Our Approach to Investing
February 26, 2021
GameStop. Stonks. Short squeezes. Over the past month there has been extensive discussion about what we should be teaching students regarding investing. Lots of opinions have been put forth, often based on an individual’s personal experience investing in the stock market, but we wanted to take time to share how investing is addressed in finEDge, a research-based, single-semester, high school financial education program, which includes a module on investing.
Questions we considered
finEDge’s approach to investing is based upon extensive research on investing and financial education. The creation of a high-quality curriculum requires translating research findings into practical solutions. We approached our literature review with the following questions in mind:
- 1) What does “investing capably” mean for the average person?

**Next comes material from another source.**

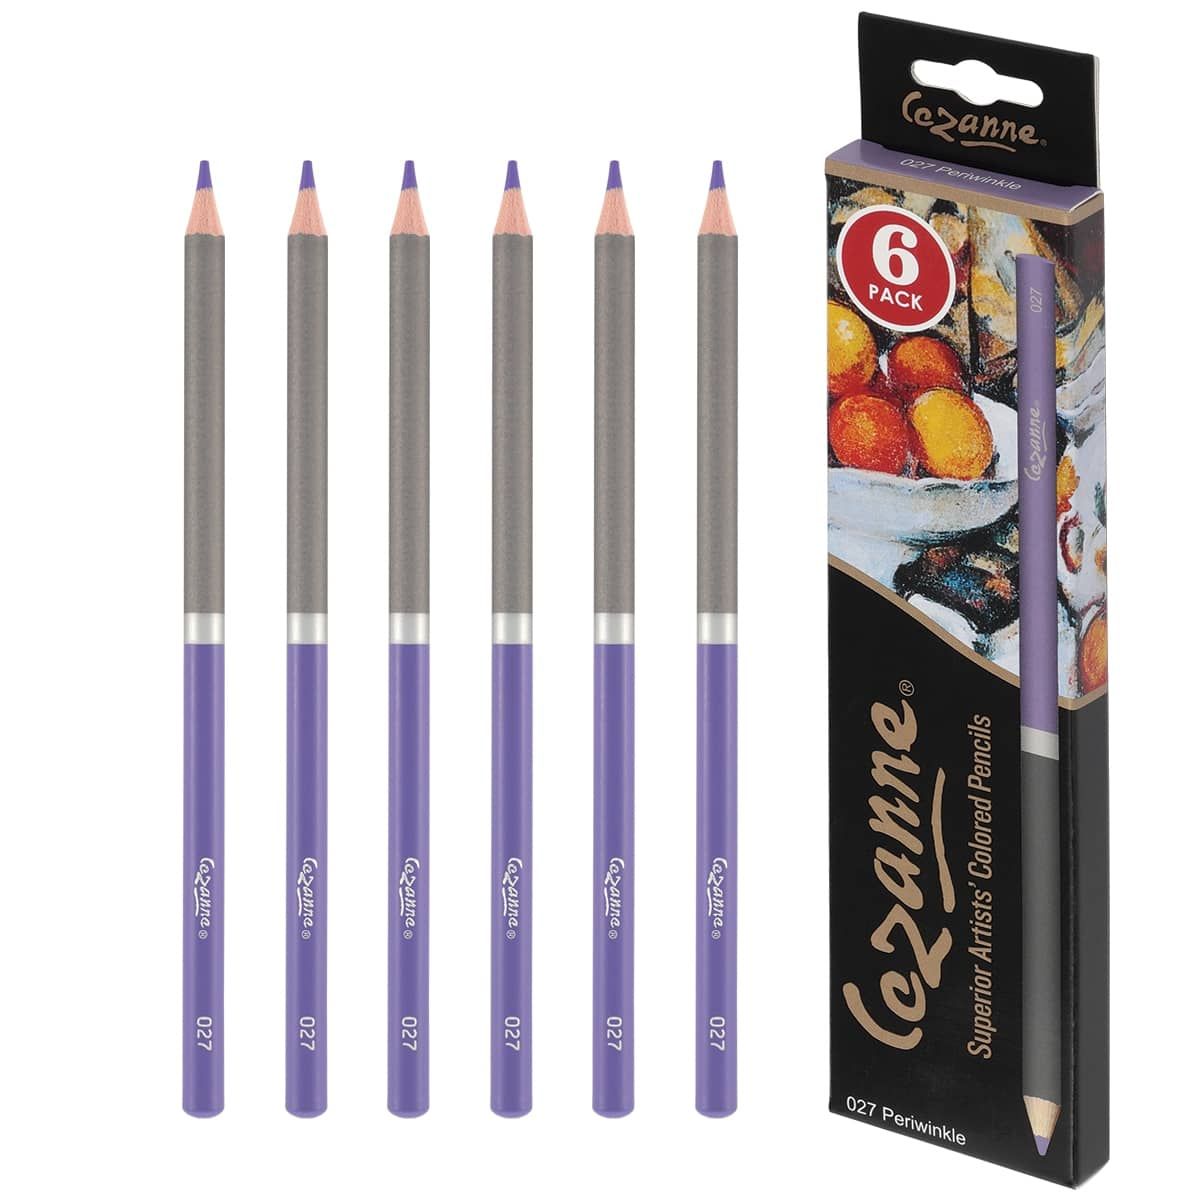 Cezanne Premium Colored Pencil Periwinkle, Box of 6

- 2) What does the average person need to know and do in order to invest capably?
- 3) Where does the average person tend to go wrong with investing?
Informed by research
Our review of the research suggests that in a high school financial education course, instruction about investing should emphasize passive investing strategies over active strategies. By passive investing strategies, we mean investing in low-cost, highly diversified funds, such as index-based mutual funds. Below is a summary of the research that informed our approach:
- —The returns of passive investments often outperform more actively managed portfolios. Barber and Odean found that traders who traded heavily and pursued an active investment strategy earned an annual return of 11.4%, underperforming the market, which earned 17.9%. Even more actively managed mutual funds tend to produce lower returns than the market.
- — Many investors do poorly at selecting stocks. Picking “winners” is challenging for any investor. Some investors use historic returns to select stocks, erroneously believing the past is indicative of future returns. Likewise, investors also often prefer local and well-known stocks, and avoid foreign stocks.
- —Passive investing can help blunt the impact of behavioral biases. These biases, which many investors exhibit, lead to lower returns. They include overconfidence, a propensity to sell winning stocks and keep losing stocks, and a tendency to repeat investments they associate with personal success and avoid those they associate with pain.
- —Retirement is a primary reason people invest. Strategies to develop and preserve retirement savings often differ from strategies to increase current income. Passive investments can offer greater tax efficiency, diversification, and lower costs for investors with the primary motivation of saving for retirement.
In the classroom
According to our extensive field-testing, students find learning about passive investing engaging —a finding in sharp contrast to the commonly held belief that teaching students to “play the market” is the only way to capture their interest. As one teacher noted, the majority of students connected with the idea of passive investing, while only a few seemed intrigued by an active approach. With the rapid shift to defined-contribution retirement plans, it is critical that all students have the knowledge and confidence to invest capably. The finEDge approach prepares students to do exactly that.
A financial education program’s goal should not be to encourage a quick-pick, adrenaline rush approach to investing. The goal should be to foster long-term productive financial behaviors and attitudes that lead to financial well-being. It’s time financial education programs start using this approach to better prepare their students for the investing activities in which they will most likely participate throughout their lives.